Persistent Organic Pollutants (POPs) are toxic, long-lasting, and globally regulated. Found in electronics, textiles, pesticides, and industrial waste, POPs are now at the center of Europe’s toughest environmental law: Regulation (EU) 2019/1021.

What Are POPs?

POPs — Persistent Organic Pollutants — are hazardous chemicals that:

  • Persist in the environment
  • Bioaccumulate in living organisms
  • Travel globally through air, water, and wildlife
  • Cause serious health issues like cancer, reproductive harm, immune disruption, and neurological damage

Even in low concentrations, POPs are dangerous. Exposure comes from food, air, and everyday materials — from flame-retardant plastics in electronics to surfactants and coatings in textiles.

Examples include:

  • DDT – pesticide
  • PCBs – industrial chemicals
  • Dioxins & Furans – by-products of combustion or degradation
  • PFHxS – added in 2023 under EU POPs Recast

What Is the EU POPs Regulation?

The EU POPs Regulation (EU) 2019/1021 enforces the Stockholm Convention across all EU member states. It restricts or bans substances that meet POP criteria and ensures their safe management throughout the product lifecycle.

EU POPs Regulation Timeline:

  • Replaces POP Regulation (EC) No 850/2004
  • Came into force July 2019
  • Continuously updated with new substances added to its Annexes

EU POPs Core Compliance Requirements

Under EU POPs, companies must:

  • Ban the use of POPs listed in Annex I (unless exemptions apply)
  • Restrict certain uses under Annex II
  • Control and reduce emissions of unintentional POPs (Annex III)
  • Dispose of POPs waste following strict thresholds (Annex IV & V)

This regulation affects all manufacturers, importers, and recyclers in the EU, especially in electronics, chemicals, agriculture, coatings, and flame retardants.

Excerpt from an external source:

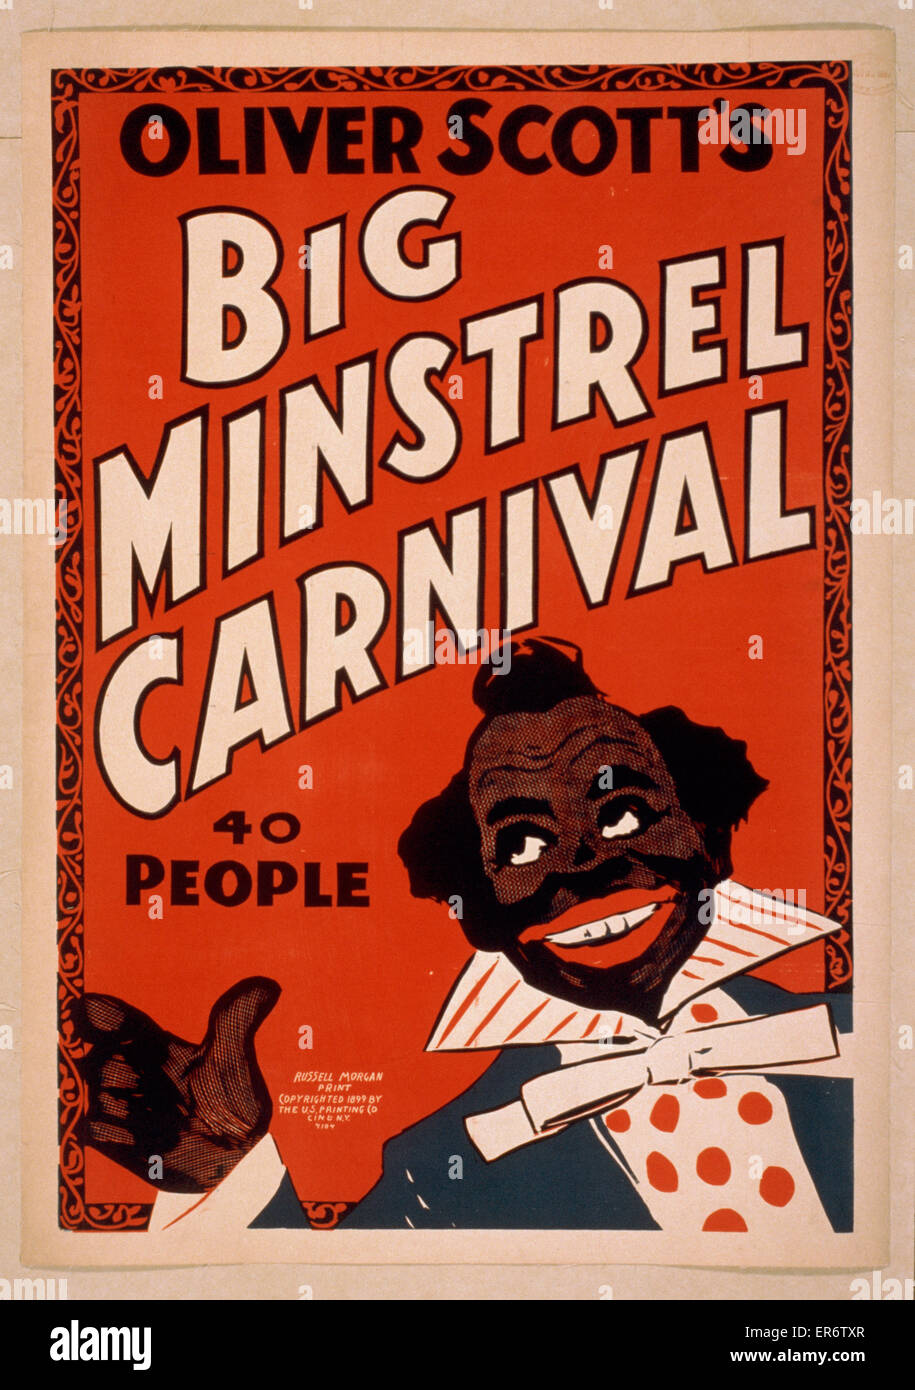 Oliver Scott's Big Minstrel Carnival 40 persone Foto Stock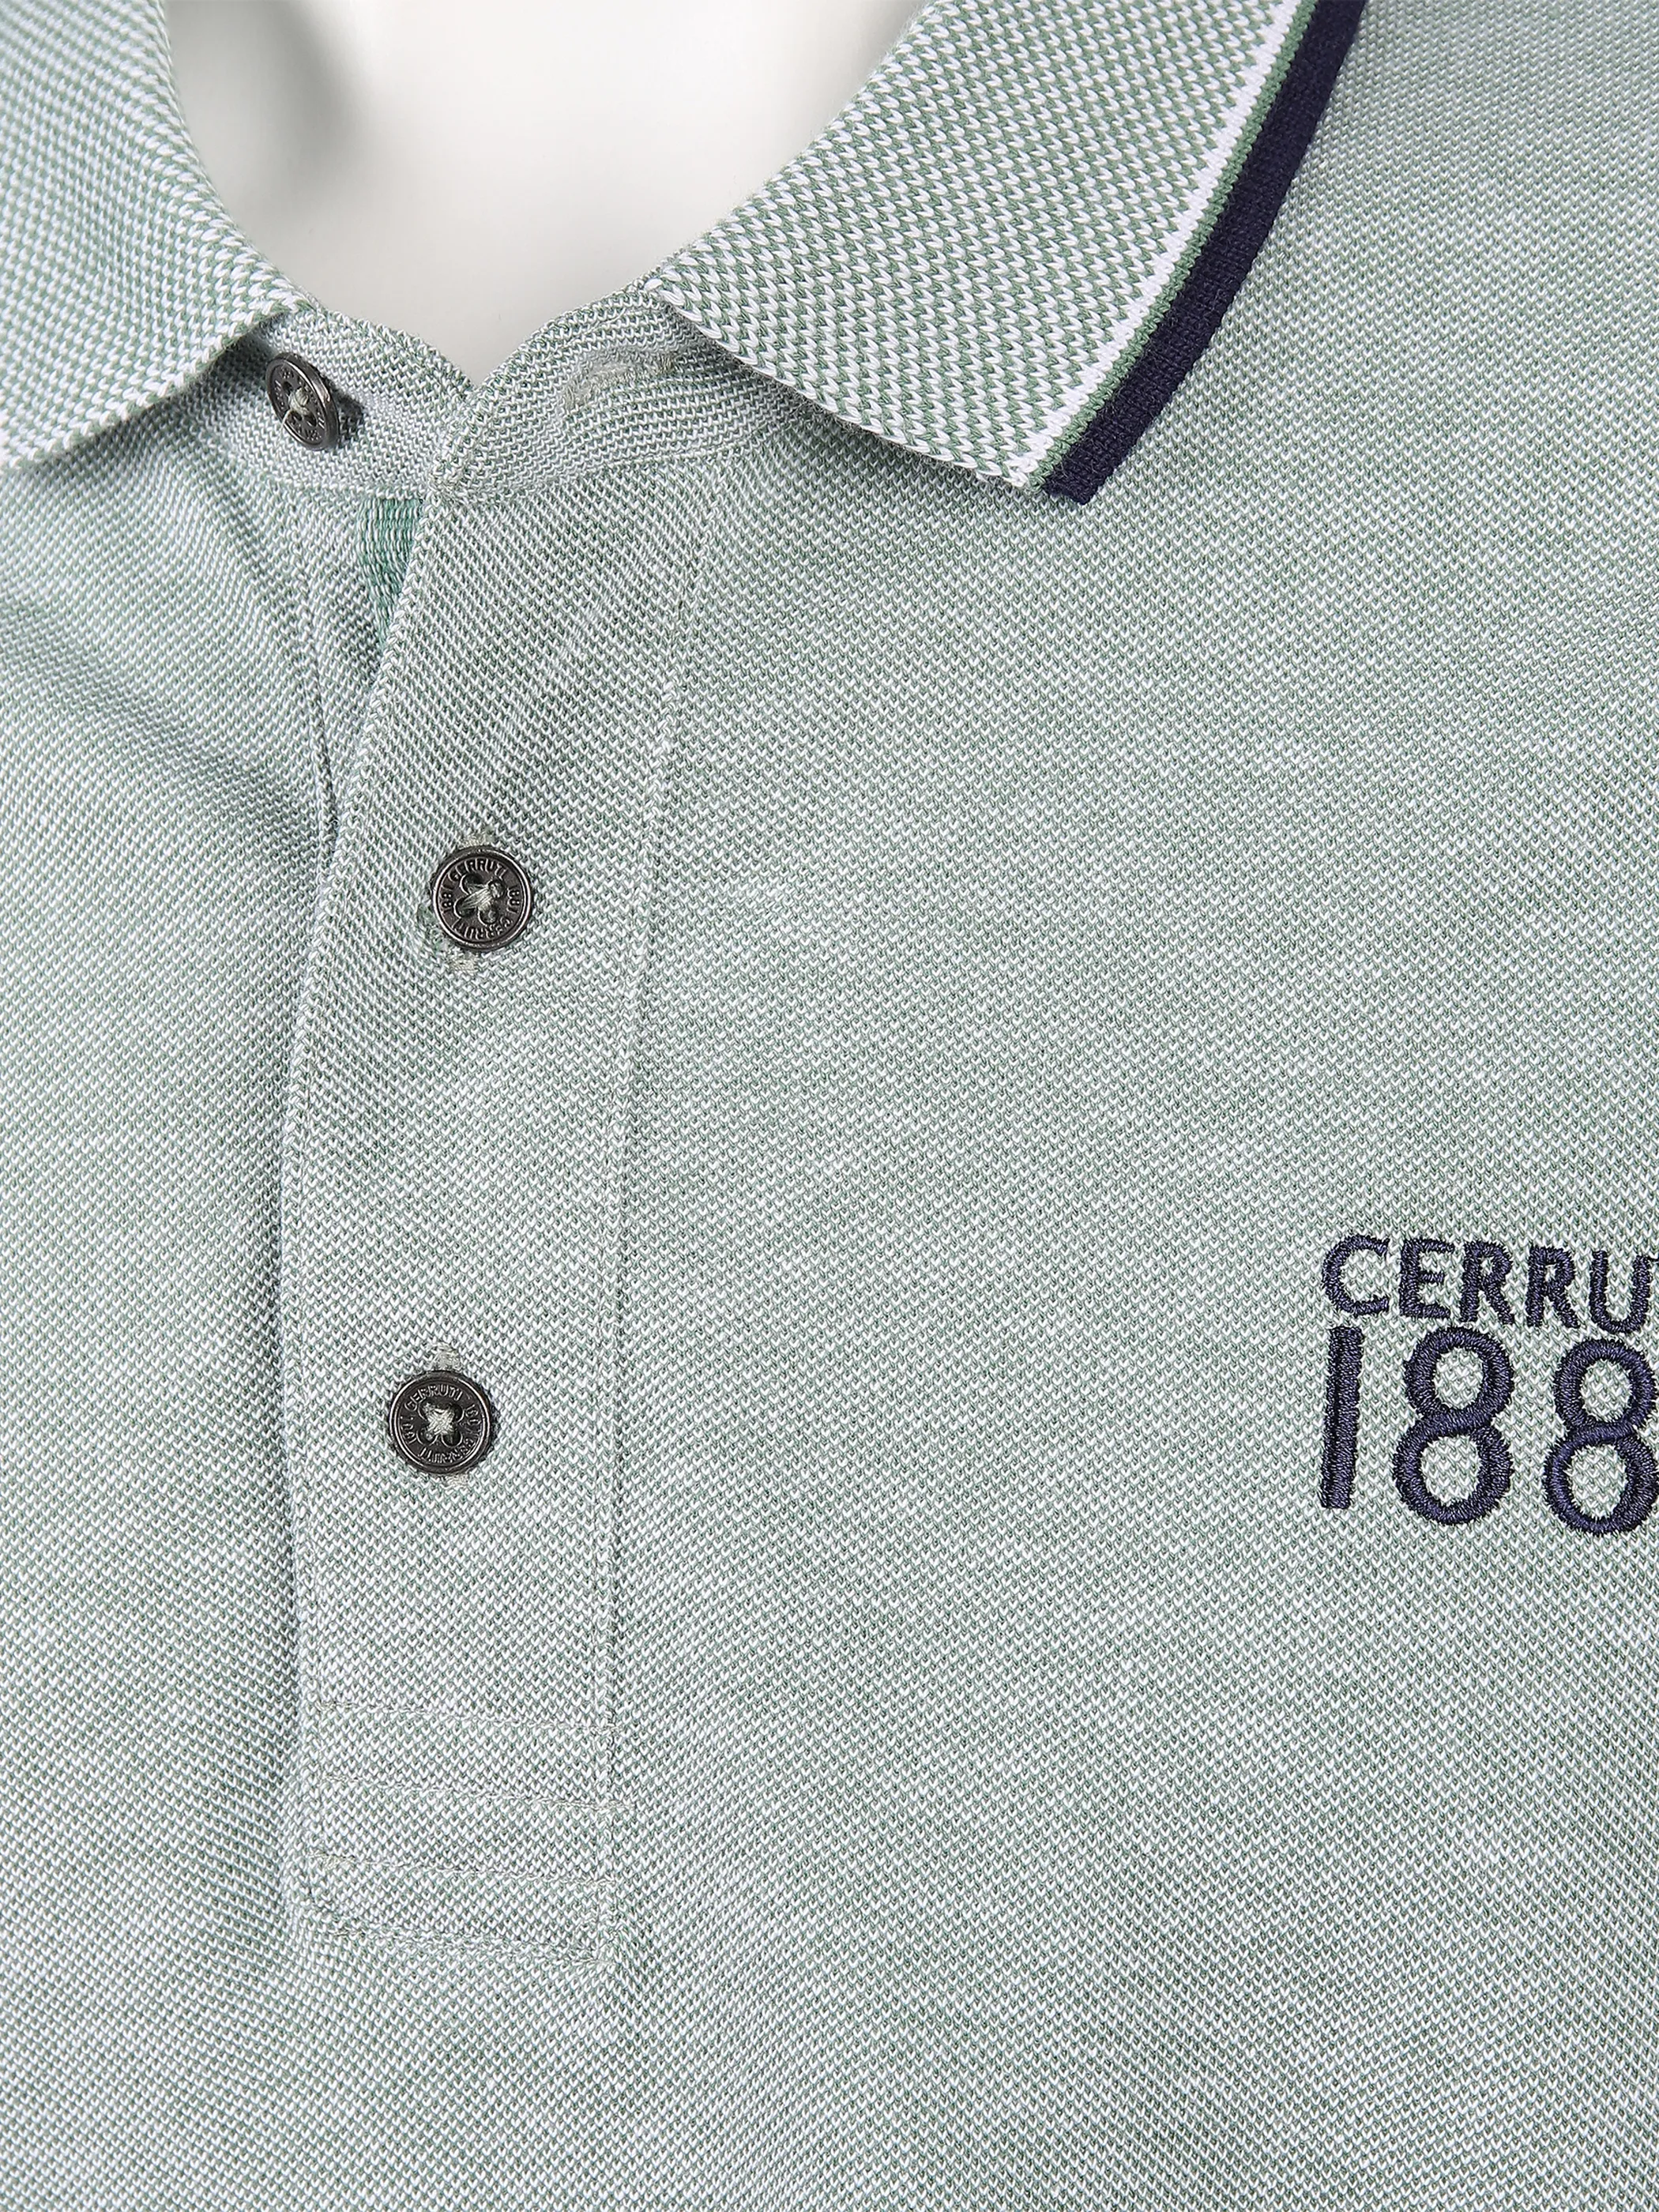 Cerruti 1881 He. Poloshirt 1/2 Arm twisted Grün 834101 MINT 3

EU POPs Recast: What Changed?

The recast regulation aligned POP definitions with REACH and the Waste Framework Directive and included:

  1. New POPs added to Annex I
    • Deca-BDE and PCP (Pentachlorophenol)
    • Limited exemptions for Deca-BDE in electronics
  2. Lower trace limits
    • For Tetra- to Hepta-BDEs as unintentional contaminants
  3. New substances in Annex III
    • Pentachlorobenzene, Hexachlorobutadiene, Polychlorinated naphthalenes
  4. PFHxS group added in 2023
    • Including salts and related degradation compounds
    • Regulated under EU POPs Annex I as of August 2023
  5. PFOS Controls Strengthened under Commission Delegated Regulation (EU) 2025/718 The latest amendment tightens controls on Perfluorooctane sulfonic acid (PFOS) to align with updated technical and scientific feasibility:
    • Entry renamed to: “PFOS, its salts and PFOS-related compounds” — now explicitly covering salts and degradation compounds.
    • Stricter UTC (Unintentional Trace Contaminant) thresholds:
      • PFOS and its salts: lowered to 0.025 mg/kg (0.0000025% by weight)
      • Sum of PFOS-related compounds: capped at 1 mg/kg (0.0001% by weight)
    • Obsolete provisions removed:
      • Elimination of the exemption for PFOS as a mist suppressant in non-decorative hard chromium (VI) plating
      • Removal of references to analytical method availability
    • Effective Date:
      • Regulation takes effect 20 days after publication in the Official Journal
      • New limits apply from 3 December 2025, giving stakeholders time to adapt

Who Enforces the EU POPs Regulation?

  • European Chemicals Agency (ECHA) coordinates implementation
  • National enforcement authorities handle inspections and penalties
  • ECHA also proposes new POPs for listing under the Stockholm Convention

How to Stay Compliant: 5 Key Steps

  1. Know your legal obligations — based on where your products are sold
  2. Engage suppliers — and request POPs declarations across your BOM
  3. Screen materials — for banned or restricted substances in Annexes I–III
  4. Replace legacy chemicals — with safer alternatives where possible
  5. Track regulation updates — to avoid surprises in your next audit

Why Acquis Makes POPs Compliance Easier

Staying compliant isn’t just about having a database — it’s about visibility, action, and proof. Acquis gives manufacturers the tools and workflows to manage POPs risk with confidence.

Here’s how we help:

  • BOM analysis + screening for Annex I/II substances
  • Supplier engagement workflows for declaration collection
  • Live regulation tracking for EU POPs, Stockholm Convention, TSCA, and REACH
  • On-demand reports for internal audits and external enforcement

You don’t need more spreadsheets — you need systemized compliance.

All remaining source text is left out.